Laser Sintering (LS)—often called Selective Laser Sintering or SLS—creates tough and geometrically intricate components using a high-powered CO2 laser to fuse or sinter powdered thermoplastics. One key advantage of LS is that as a part is made, it remains encased in powder. This eliminates the need for support structures and allows for complex geometries. LS production parts can be strong, water and air-tight, heat resistant, and made out of exceptional materials like aluminum-filled and glass-filled Nylon 12.


BENEFITS OF Laser Sintering


Producing parts for production applications without tooling saves time and money. LS has proven to be an affordable means to build durable, stable production parts in low quantities. It is also effective for high volumes of components when the designs are too complex for traditional manufacturing to execute.

Part Consolidation

Using LS, engineers can incorporate multiple component designs into single structures. With the ability to produce complex features, undercuts, and internal features with ease, LS can consolidate what once was a multi-part assembly into one part. LS can eliminate the need for separate fasteners, mounting components, and adhesives, resulting in substantial weight reduction compared to conventional assemblies.

FAST Delivery

LS can provide sturdy, functional prototypes as little as 24 hours. Multi-component designs can be incorporated into single structures, allowing engineers to produce complex features and geometries in one print, and eliminating the need for assembly. Additionally, reduced secondary processing means quicker delivery to you.

Little to No Finishing Needs

One key advantage to LS is that each part is encased in powder as it is made. The surrounding powder reinforces the parts and eliminates the need for support structures that require removal after production. With ready-to-use prototypes off the printer, little to no finishing needs reduces costs and delivery time.
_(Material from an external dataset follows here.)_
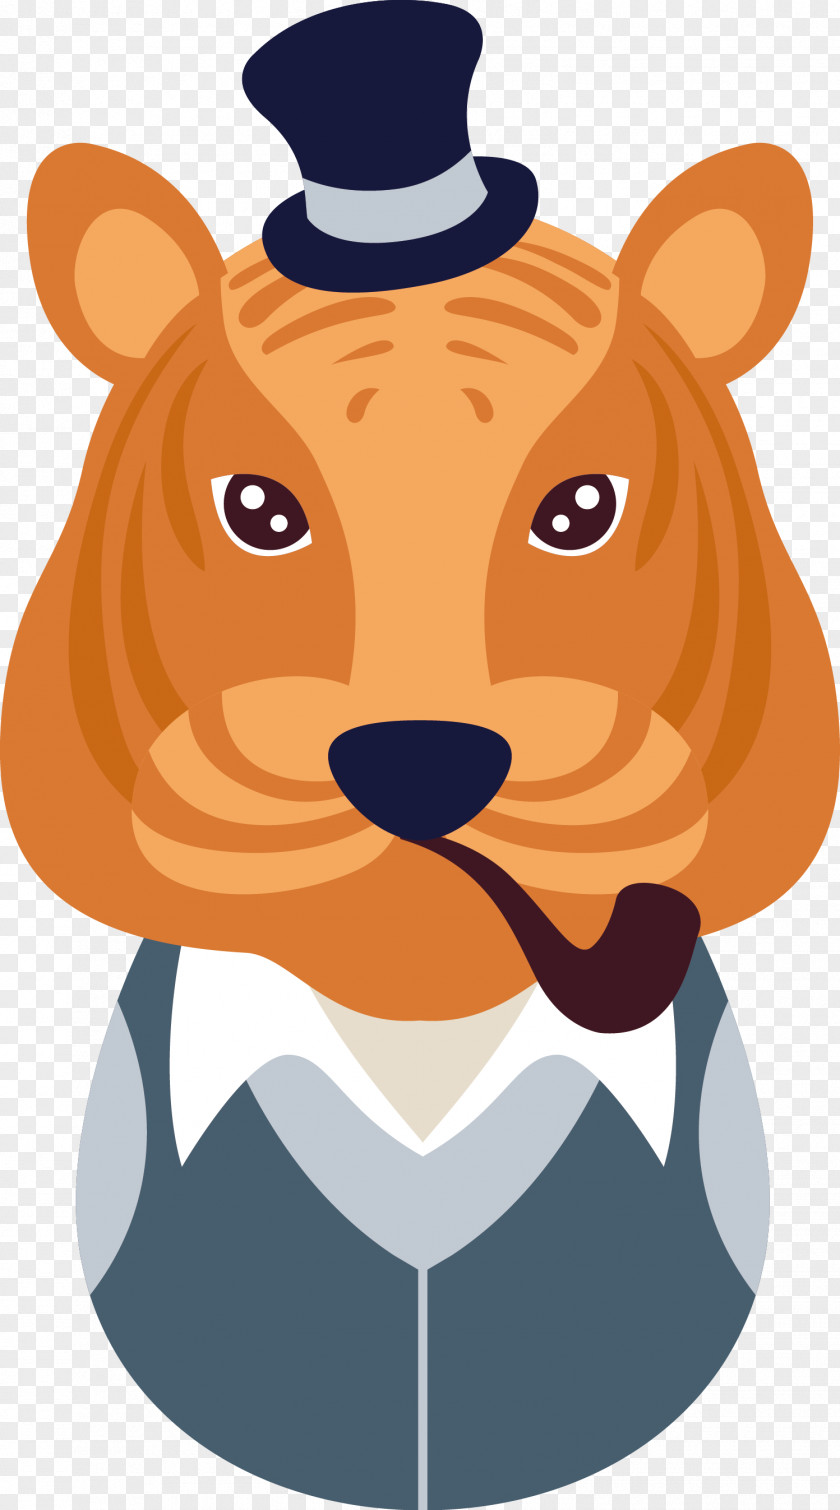 Creative Puppy Vector Tiger Whiskers Dog Illustration PNG
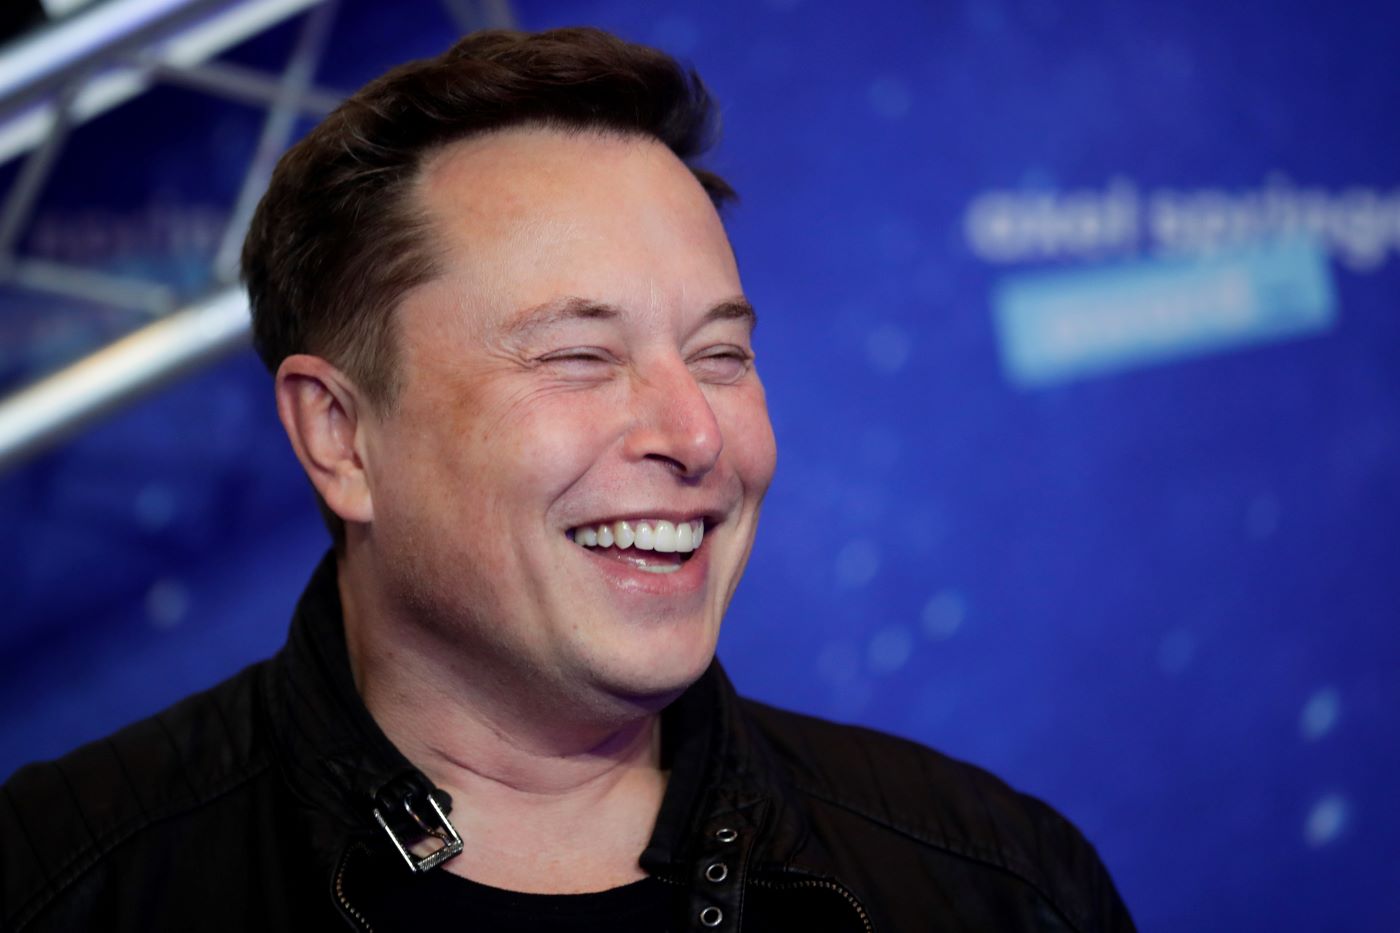 Closeup on Elon Musk's face while smearing wearing a black shirt against a blue background.

Consistency and Repeatability

To ensure consistent build quality, Objective 3D Manufacturing has implemented stringent, proprietary process controls and procedures for executing builds, maintaining equipment, and handling materials. We maintain strict parameters for material traceability by monitoring the mixing and testing of powder before builds, tracking the thermal process during the build, and conducting post-process tensile bar testing.


LS is excellent for functional prototyping or production parts in a variety of taxing environments.


Common applications include:

  • Ductwork
  • Control Surfaces
  • Brackets, Clips, Clamps
  • Fuel Tanks
  • Flight-Certified Parts



LS offers a variety of materials and reinforced formulations for lightweight and highly durable parts that can be heat and chemical resistant.


Laser Sintering: Frequently Asked Questions


What geometries are best suited for LS?

LS is ideal for components with extremely complex geometries, including parts with internal cavities. Parts that are produced with LS remain encased in powdered material, which is self-supporting thereby eliminating the need for additional supportive structures on or within the components.

What level of detail can be obtained with LS?

Laser Sintering can produce a layer thickness of 0.1mm and an X/Y resolution of 0.0762mm – 1.27mm. We recommend all LS parts have a minimum wall thickness of 1mm. See the LS design guidelines for more details.

What is the largest part size you can make with LS?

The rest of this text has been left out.